The argument certainly can’t be made that this will induce a shortage of labor power – with the depths and duration of unemployment and underemployment at post-war high levels, the percentage of labor force employed now at levels seen only in 1982, 6.8 million out of work for more than 27 weeks, and average hours worked falling for four years now, there is a vast pool of underutilized labor power to draw from.
And, no one can reasonably argue that reducing hours will lead to shortages of output, since we are looking at a huge global glut of idle capacity from the American auto industry to Chinese factories pumping out good destined for Wal-Mart. This excess capacity is now of such magnitude that the United States is currently experiencing only its second period of industrial capacity contraction in 234 years of history – the first occurring in 2002-2004 just before this most recent economic calamity.
Nor, can anyone reasonably argue that shorter hours of work will lead to a lower standard of living or individual bankruptcies.
In the first case, it is well know by economists that money wages are completely unrelated to our material standard of living. Your actual living standard can decline while your wages are unchanged; or, it can rise while your wages are unchanged. Moreover, your wages can fall without a change in your material standard of living; and, your wages can rise and still reflect no improvement in your material standard of living.
This is how you have been silently defrauded for years – they let your wages rise even as your material standard of living fell and you sank deeper into debt!
Moreover, your real wages (inflation adjusted) are completely unrelated to hours of work. Prices must reflect the average wage of working people. If those dollar wages contract along with hours of work, so must price levels. It is the value of labor power – wages – that always and everywhere determines prices of the goods we consume. Let the prices of the goods we consume rise while our wages remain constant and it will result in a glut of unsold goods. The economy can no more tolerate wages below the value of labor power than it can tolerate savings above what can be productively invested. In fact, these two – wages and investment – are merely two sides of the same coin. Let either diverge from their proper proportion for too long and a crisis will erupt.
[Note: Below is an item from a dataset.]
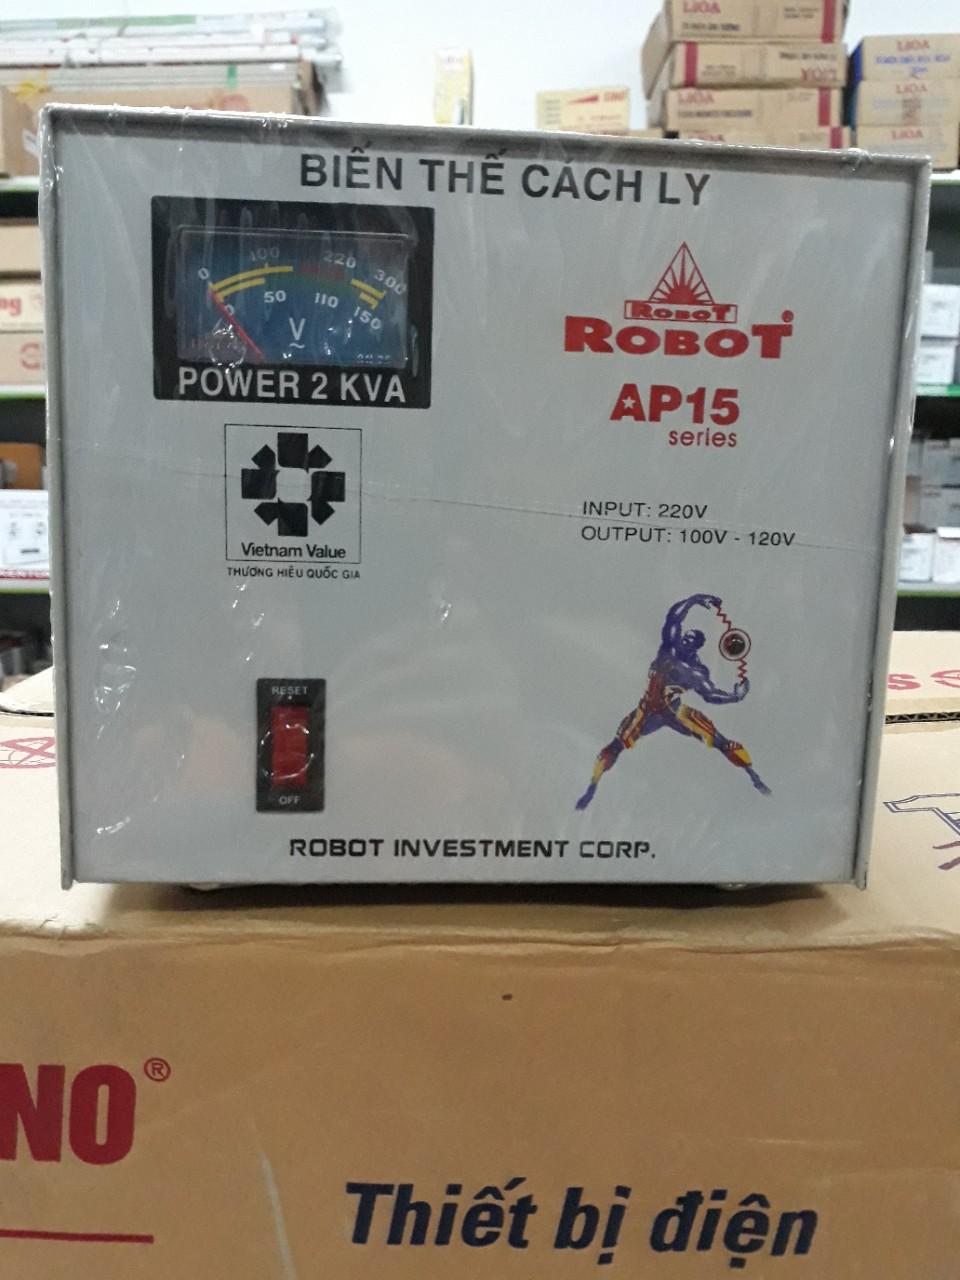 Biến Thế Cách Ly Robot 2KVA

This is precisely what happened in our current crisis.
In the second case, bankruptcies and the inability to service existing debts should not be considered a reason to tolerate massive unemployment for some with long hours of labor for the rest. Remember, when a bank loans you money it creates that money out of thin air. The money did not exist until you signed an agreement to repay it. It is not the banks money, it belongs to the United States government. Only national governments have the exclusive right to issue currency. For decades banks have been creating U.S. currency out of thin air and handing it out to people as if it belonged to them. People have been driven to bankruptcy and impoverishment trying to service debts that never should have been created in the first place. Now is the time to wipe this ugly chapter in our history clean.
The terms of this debate must change!